Melvina caught cold in January. Peter cared for her, worried about her, made soup for her. Peter, she thought, was a fussbudget.
“I told you I have cancer. I’m hardly going to die of a cold.”
But she insisted on returning to the house on Ellis Avenue in any case. On dying in her own old bed if it came to it. Monsignor O’Neill gave her the last sacraments twice. She enjoyed the attention.
As she had predicted, she did not die. And one afternoon, in the grayness of a dark January day, she came downstairs.
Peter had accumulated her mail on a sideboard near the front door. She thought there was an awful lot of it. She picked at the mail like a shopper, considering this and rejecting that.
A letter from Florence Callaghan took her interest. She opened it, read it twice. An indomitable old lady was Florence, surrounded by family who scuffed shoes impatiently in her imperious presence and grumbled about her longevity. Florence said in the letter she was as mean as Melvina and intended to die only after Melvina showed the way.

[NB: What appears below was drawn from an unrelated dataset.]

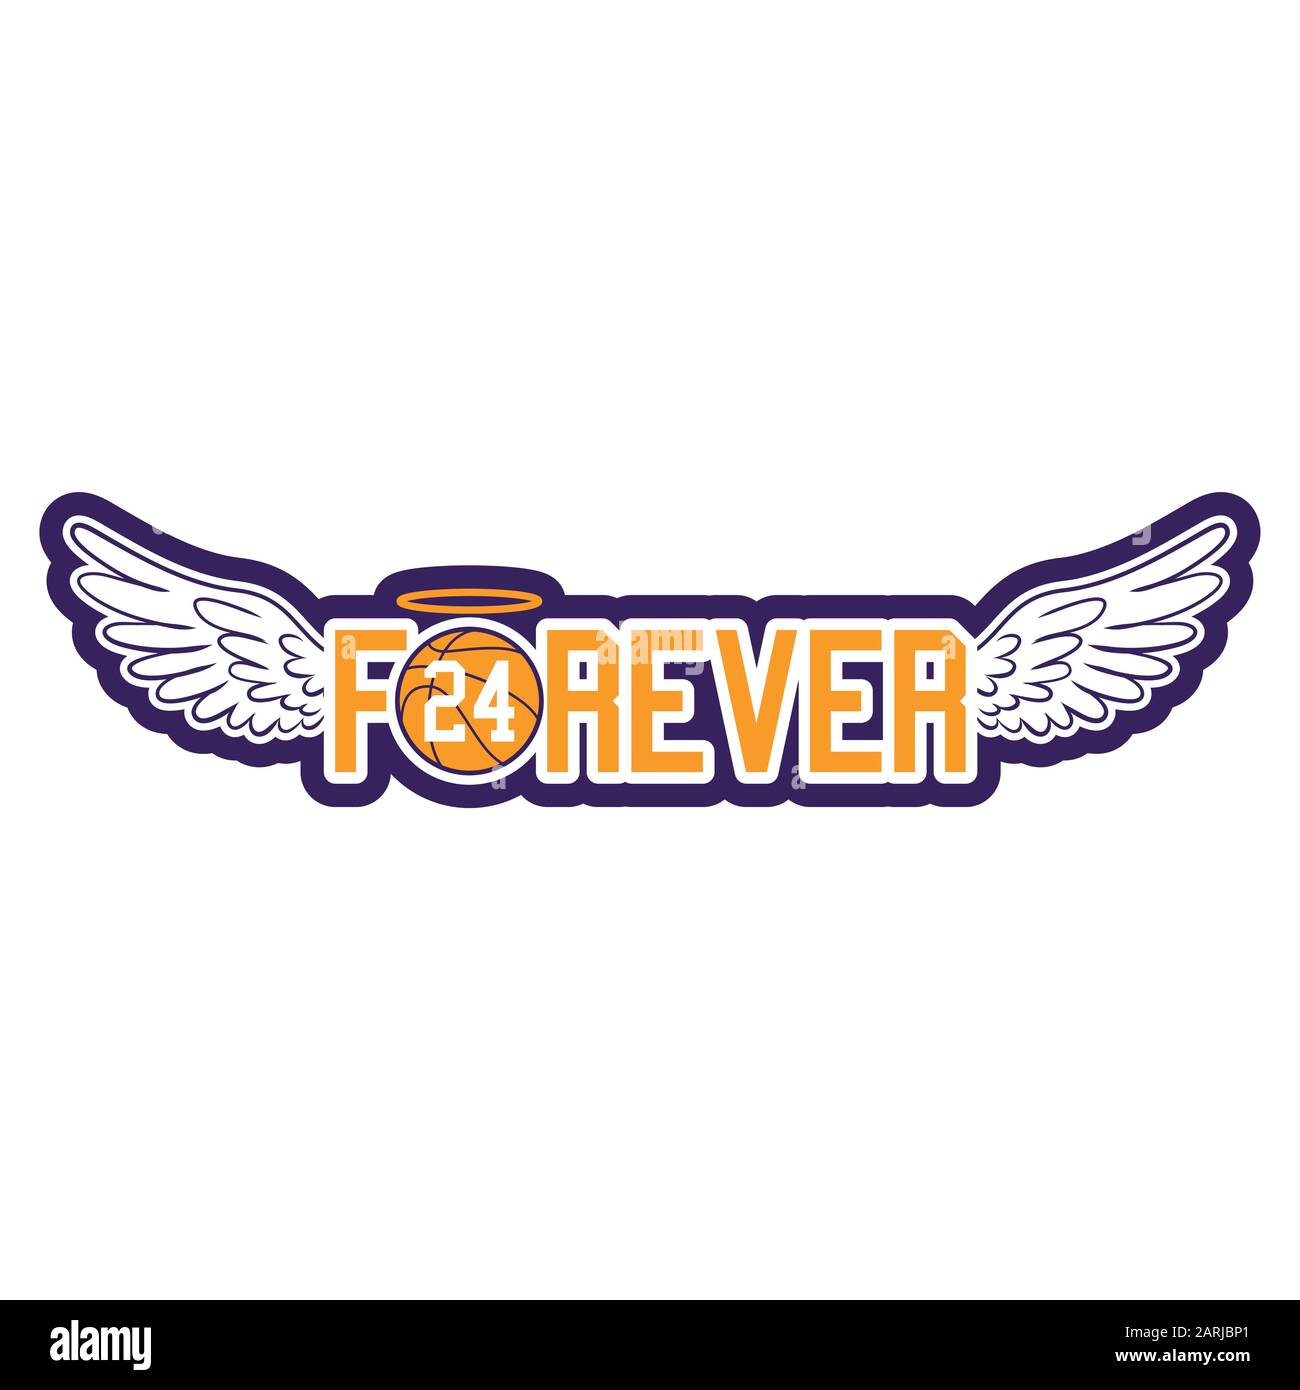 R.I.P. Kobe Bryant - Basketball with angel wings and glory. NBA legend, The world is in shock as news of Kobe Bryant’s death spread 2020 january 26th. Stock Vector

Melvina smiled, put the letter down, decided she would reread it later.
Then she saw the package.
It annoyed her.
She picked it up, shook it, realized she had not ordered anything. It was from Field’s. She’d send it back.
But she opened it. And then it was no good. Her eyes swelled with tears, so sudden and unexpected that she forgot to be stern with herself for crying.
She hadn’t cried like this since she got the letter from a Mr. Hanley at something called the Government Research Bureau of the Department of Agriculture. A letter regretting to inform her that her great-nephew had died in service of his country. And enclosed for her a medal, awarded posthumously.
She let the tears fall and she let her thin, old body shake with sobs for a moment because no one was in the house and no one would see her weakness.
She opened the box because she knew what it was, who it was from. Blue stationery with her name on it. And matching blue envelopes.